BANGKOK (AP) – Stocks fell in Asian markets on Thursday as a long record rally lost further momentum after a third straight day of declines on Wall Street.
Oil prices rose almost $1, and U.S. futures were mixed.
Japan’s benchmark Nikkei stock average rose sharply early, ending 0.1% higher at 38,143.29, as the Purchasing Managers Index showed deteriorating conditions in both Japan’s manufacturing and services industries. The comprehensive PMI compiled by au Jibun Bank was the lowest in two years.
“Japan’s private sector entered contractionary territory early in the fourth quarter of this year,” Osama Bhatti, an economist at S&P Global Market Intelligence, said in a commentary. “Confidence in growth in business activity over the next 12 months weakened in October, the least pronounced since August 2020.”
Chinese markets fell, with Hong Kong’s Hang Seng Index down 1.1% to 20,531.19 and the Shanghai Composite Index down 0.8% to 3,277.35.
In Seoul, the Kospi fell 0.7% to 2,581.03, while Australia’s S&P/ASX 200 index fell 0.1% to 8,206.30.
Taiwan’s ThaiEx fell 0.6% and India’s Sensex fell 0.1%. Bangkok’s SET was down 0.3%.
“Concerns about China’s economic outlook combined with the contentious US presidential election weighed on market sentiment,” Stephen Innes of SPI Asset Management said in a commentary.
On Wednesday, the S&P 500 fell 0.9% to 5,797.42. The recent pullback follows a six-week winning streak, the longest of the year.
Stock prices have fallen due to upward pressure on US Treasury yields. Rising yields may make investors reluctant to pay higher prices for stocks, but critics say stocks that have risen faster than corporate profits already look expensive.
The Dow Jones Industrial Average fell 1% to $42,514.95, and the Nasdaq Composite Index fell 1.6% to $18,276.65. Nvidia and other Big Tech stocks were the most heavily weighted in the market.
The 10-year Treasury yield rose again to 4.23% from 4.21% late Tuesday and just 4.08% Friday.
U.S. Treasury yields are rising following numerous reports indicating that the U.S. economy continues to perform better than expected. That’s good news for Wall Street, as it raises hopes that the economy can emerge from the worst inflation in generations without sliding into the painful recession that many feared was inevitable.
McDonald’s fell 5.1% after federal health officials linked its Quarter Pounder burger to an E. coli outbreak that has affected at least 49 people in 10 states. Investigators are still trying to figure out exactly what ingredients were contaminated, and the Centers for Disease Control and Prevention said McDonald’s is investigating raw onion shreds and quarter pound beef patties in several states. announced that it had discontinued its use.
story continues
Coca-Cola fell 2.1% despite reporting that its latest quarter’s profit and sales beat analysts’ expectations.
Boeing fell 1.8% on what could be one of the most significant days for the beleaguered aerospace manufacturer in years.
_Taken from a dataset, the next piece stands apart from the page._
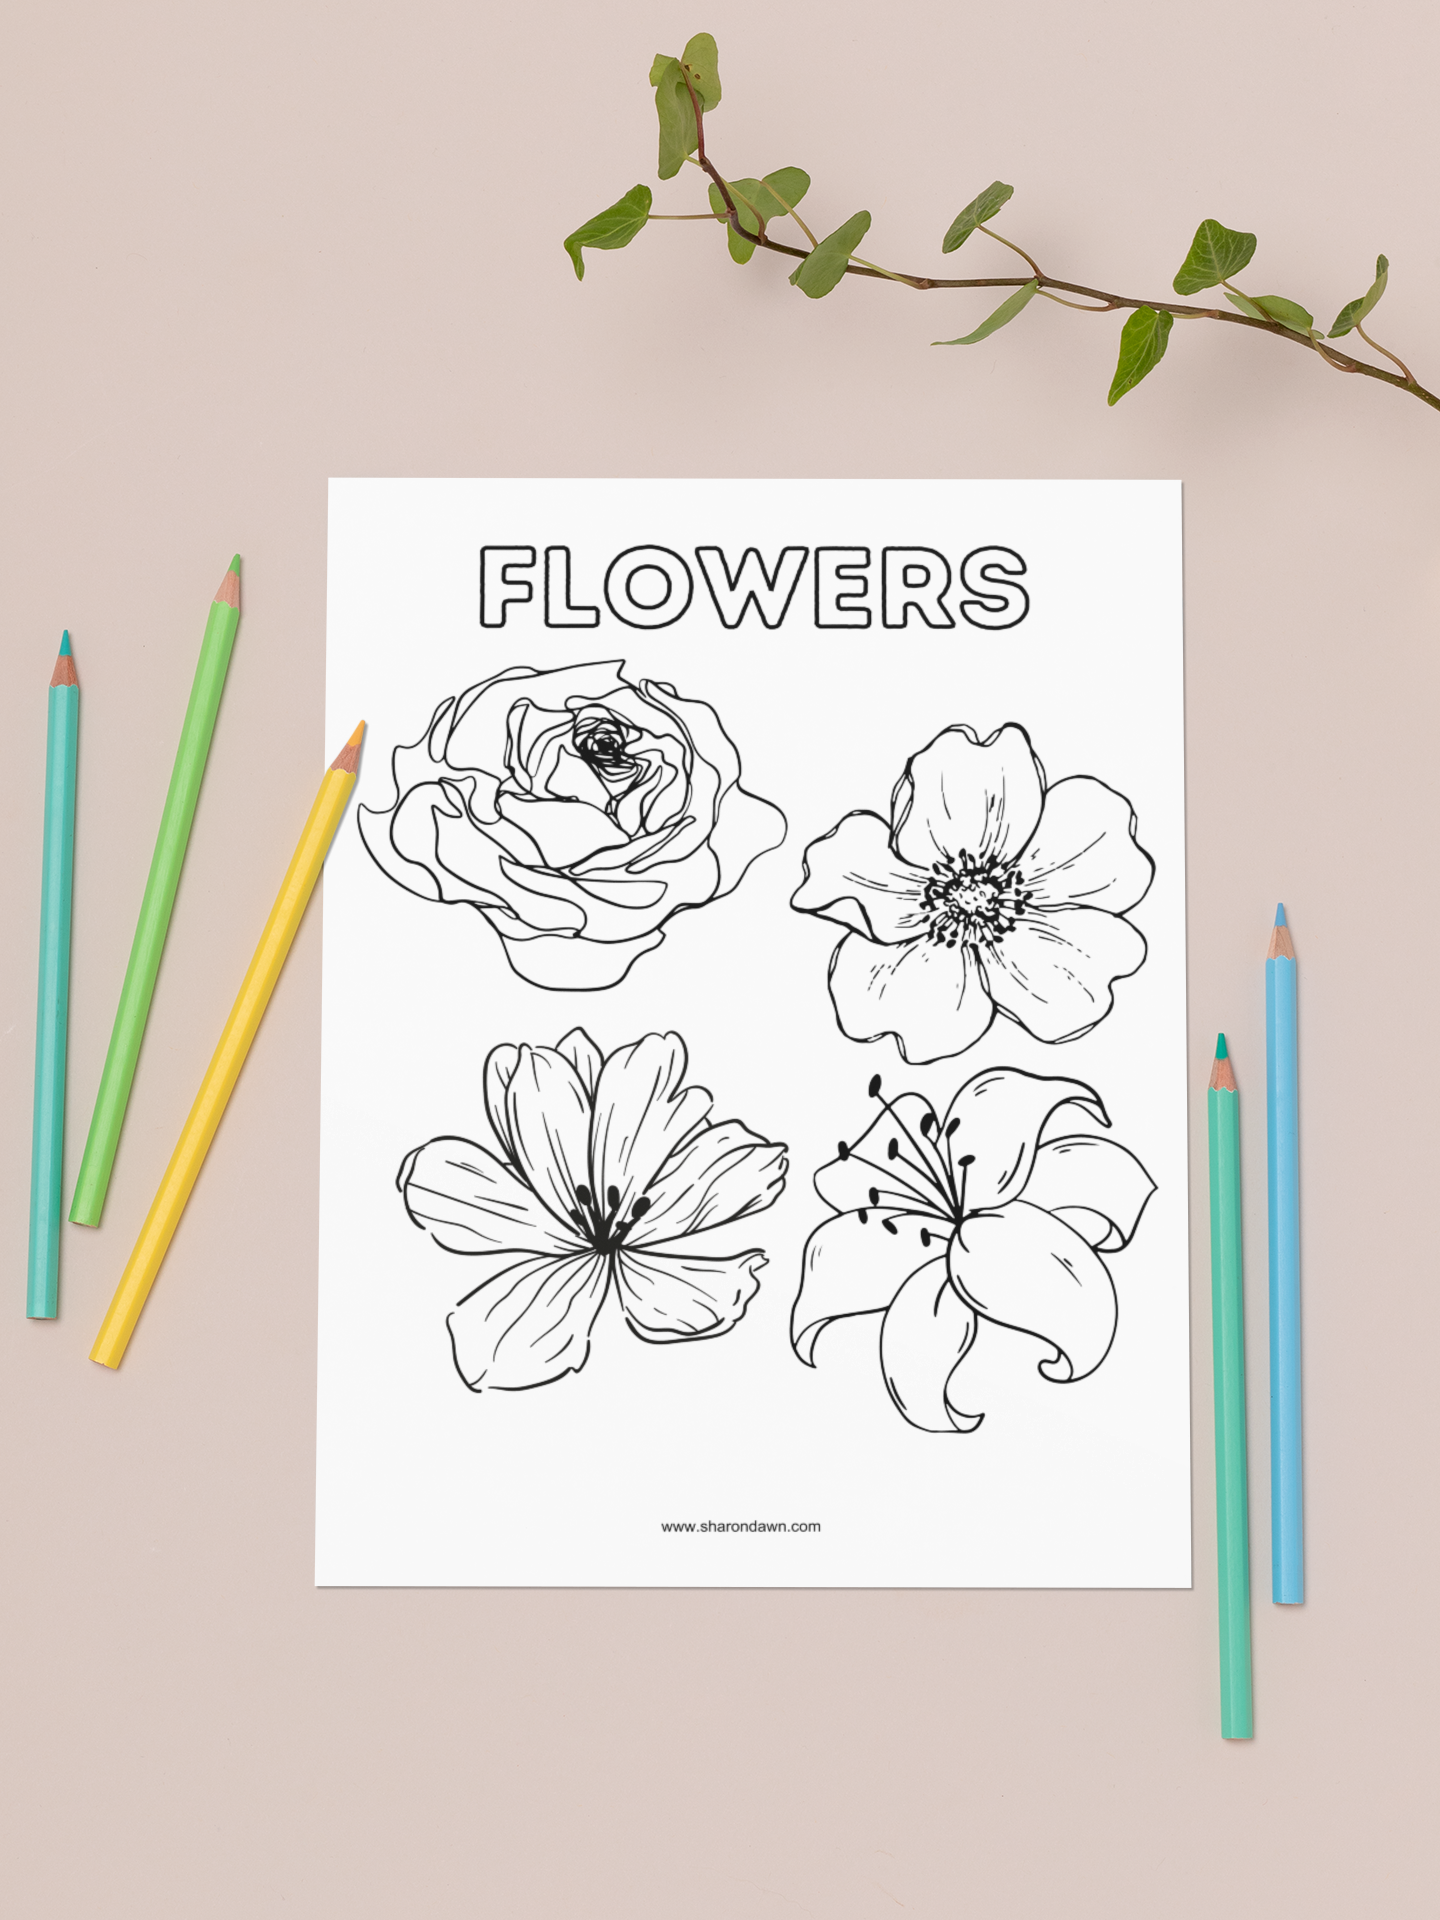 Flowers - Colouring Sheet - Printable Digital Download ~ Sharon Dawn Collection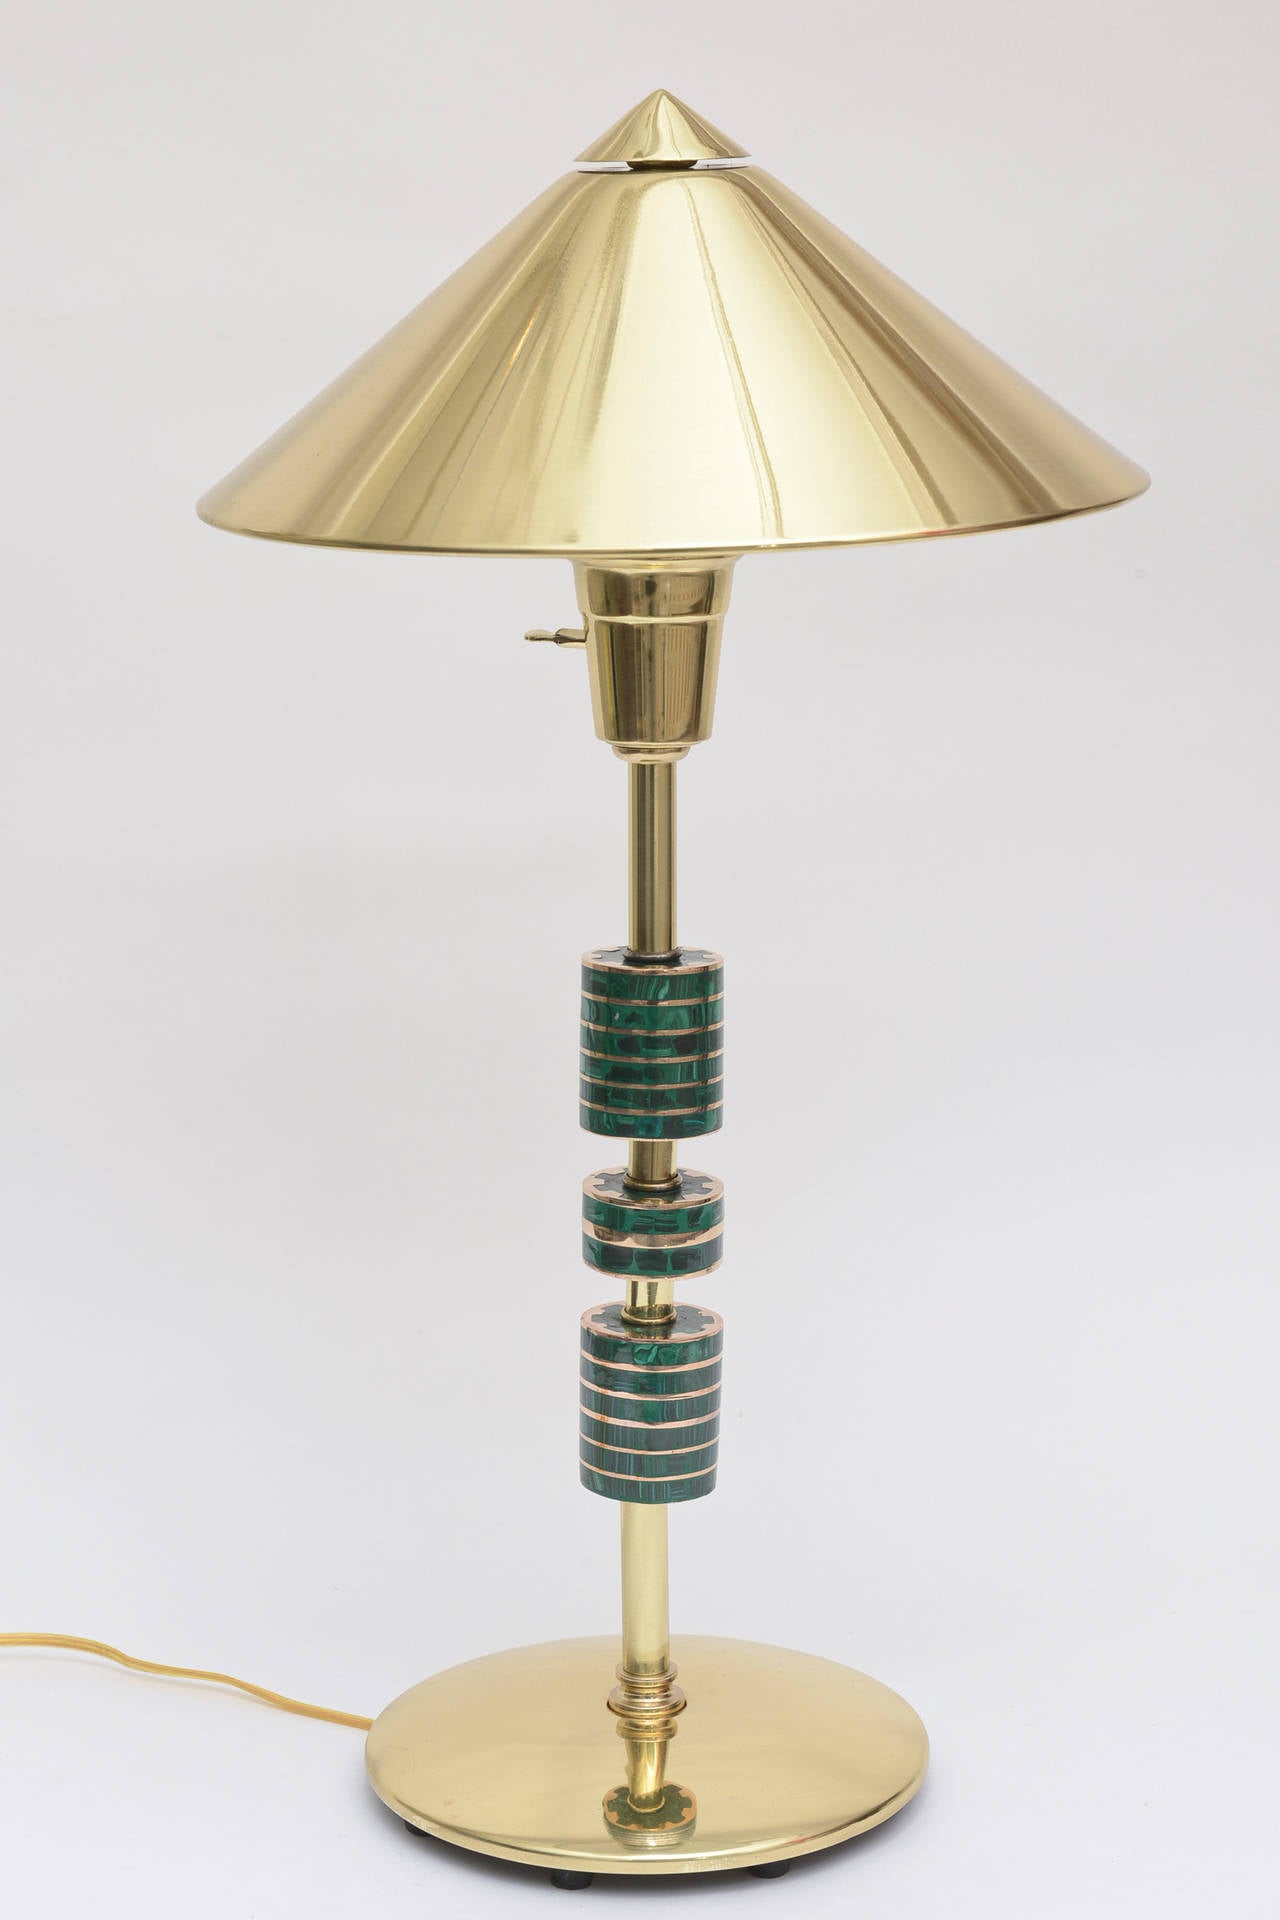 This amazing Mid-Century Modern lamp is in the style and attribution of the Mexican artist, Pepe Mendoza. It is lovely with its original brass shade with a white enameled metal coating underneath. The pagoda style brass shade is all original. It has

The company reported a loss of more than $6 billion in its latest quarter. Late Wednesday, Boeing factory workers voted 64% against the company’s latest contract offer, opting to continue a six-week strike that halted production of the aerospace giant’s best-selling jetliner. Boeing stock has fallen nearly 40% this year.
Big tech stocks, whose prices soared amid Wall Street’s frenzy over artificial intelligence technology, were the most heavily weighted in the market. Nvidia fell 2.8% and Apple fell 2.2%.
However, AT&T rose 4.6% after reporting its latest quarterly profit was better than analysts expected, and Texas Instruments rose 4.6% after the semiconductor company reported stronger-than-expected profits and sales. The stock rose 4% as a result.
In other trading early Thursday, benchmark U.S. crude oil rose 79 cents to $71.56 a barrel in electronic trading on the New York Mercantile Exchange.
Brent crude, the international standard crude, rose 75 cents to $75.81 a barrel.
The dollar fell to 152.16 yen after soaring above 153 yen on Wednesday. The euro fell from $1.0783 to $1.0782.